Teaching AI to Give Better Video Critiques

While Large Vision-Language Models (LVLMs) can be useful aides in interpreting some of the more arcane or challenging submissions in computer vision literature, there's one area where they are hamstrung: determining the merits and subjective quality of any video examples that accompany new papers*. This is a critical aspect of a submission, since scientific papers […] The post Teaching AI to Give Better Video Critiques appeared first on Unite.AI.

Apr 1, 2025 - 15:35

Teaching AI to Give Better Video Critiques

While Large Vision-Language Models (LVLMs) can be useful aides in interpreting some of the more arcane or challenging submissions in computer vision literature, there's one area where they are hamstrung: determining the merits and subjective quality of any video examples that accompany new papers*.

This is a critical aspect of a submission, since scientific papers often aim to generate excitement through compelling text or visuals – or both.

But in the case of projects that involve video synthesis, authors must show actual video output or risk having their work dismissed; and it’s in these demonstrations that the gap between bold claims and real-world performance most often becomes apparent.

I Read the Book, Didn’t See the Movie

Currently, most of the popular API-based Large Language Models (LLMs) and Large Vision-Language Models (LVLMs) will not engage in directly analyzing video content in any way, qualitative or otherwise. Instead, they can only analyze related transcripts – and, perhaps, comment threads and other strictly text-based adjunct material.

The diverse objections of GPT-4o, Google Gemini and Perplexity, when asked to directly analyze video, without recourse to transcripts or other text-based sources.

However, an LLM may hide or deny its inability to actually watch videos, unless you call them out on it:

Having been asked to provide a subjective evaluation of a new research paper's associated videos, and having faked a real opinion, ChatGPT-4o eventually confesses that it cannot really view video directly.

Though models such as ChatGPT-4o are multimodal, and can at least analyze individual photos (such as an extracted frame from a video, see image above), there are some issues even with this: firstly, there's scant basis to give credence to an LLM's qualitative opinion, not least because LLMs are prone to ‘people-pleasing' rather than sincere discourse.

Secondly, many, if not most of a generated video's issues are likely to have a temporal aspect that is entirely lost in a frame grab – and so the examination of individual frames serves no purpose.

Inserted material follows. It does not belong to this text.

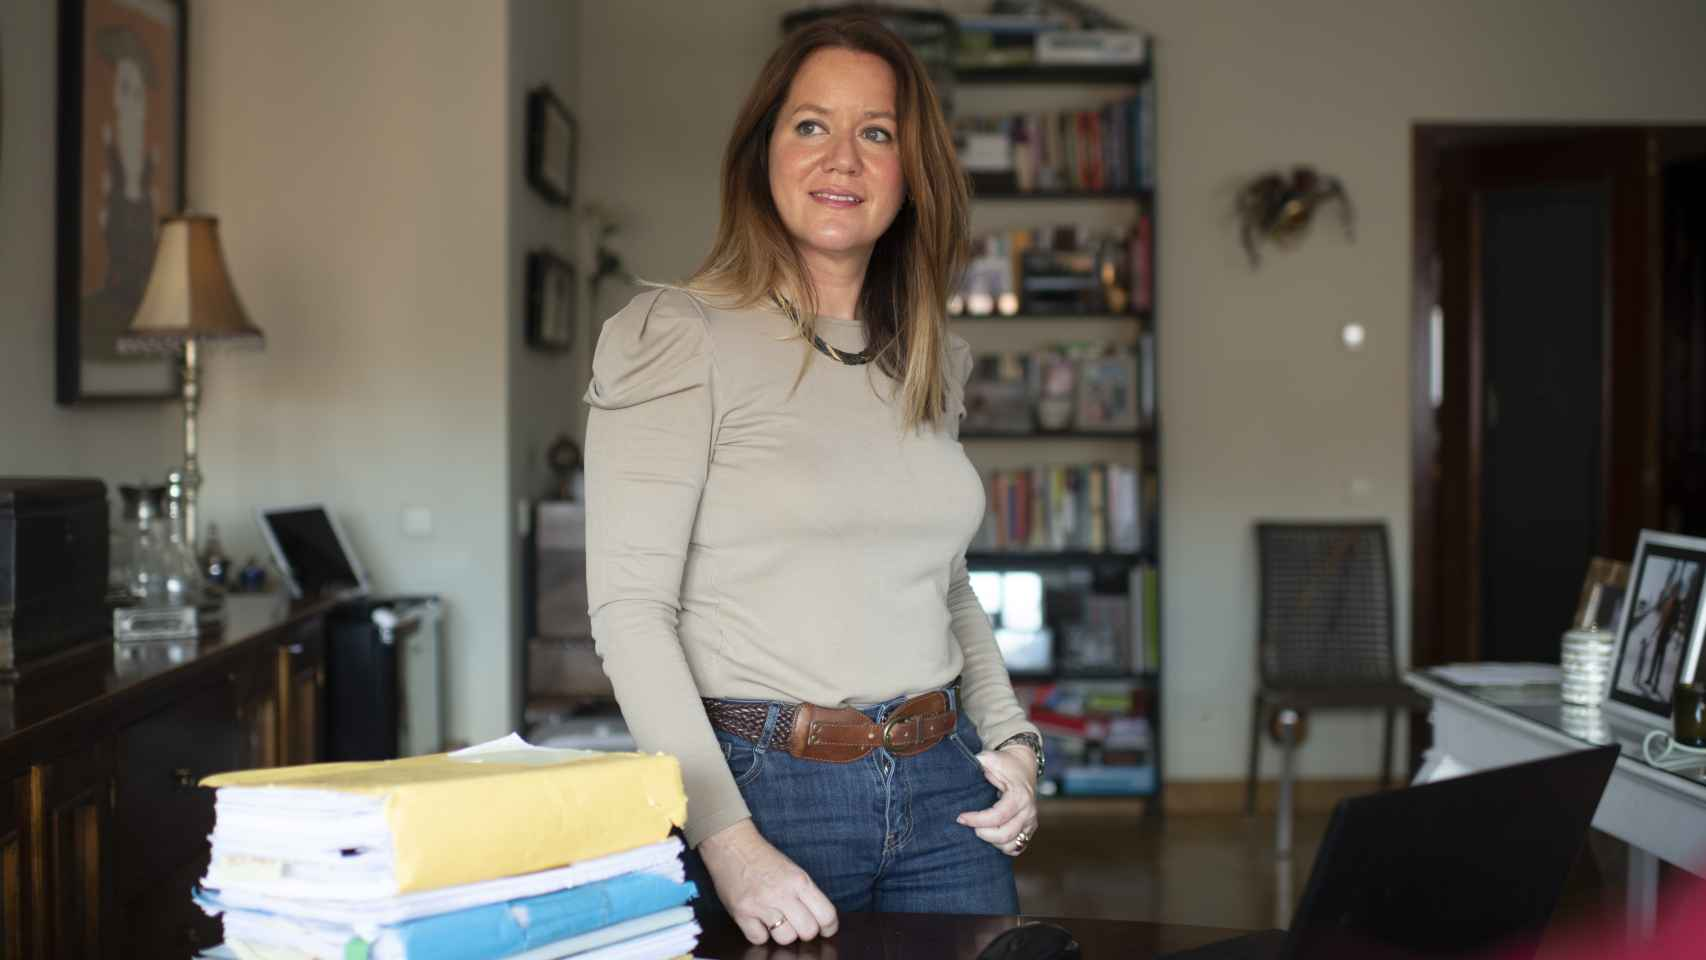 Natalia Velilla es magistrada de Familia en el Juzgado de Primera Instancia nº 7 de Móstoles.

Finally, the LLM can only give a supposed ‘value judgement' based (once again) on having absorbed text-based knowledge, for instance in regard to deepfake imagery or art history. In such a case trained domain knowledge allows the LLM to correlate analyzed visual qualities of an image with learned embeddings based on human insight:

The FakeVLM project offers targeted deepfake detection via a specialized multi-modal vision-language model. Source: https://arxiv.org/pdf/2503.14905

This is not to say that an LLM cannot obtain information directly from a video; for instance, with the use of adjunct AI systems such as YOLO, an LLM could identify objects in a video – or could do this directly, if trained for an above-average number of multimodal functionalities.

But the only way that an LLM could possibly evaluate a video subjectively (i.e., ‘That doesn't look real to me') is through applying a loss function-based metric that's either known to reflect human opinion well, or else is directly informed by human opinion.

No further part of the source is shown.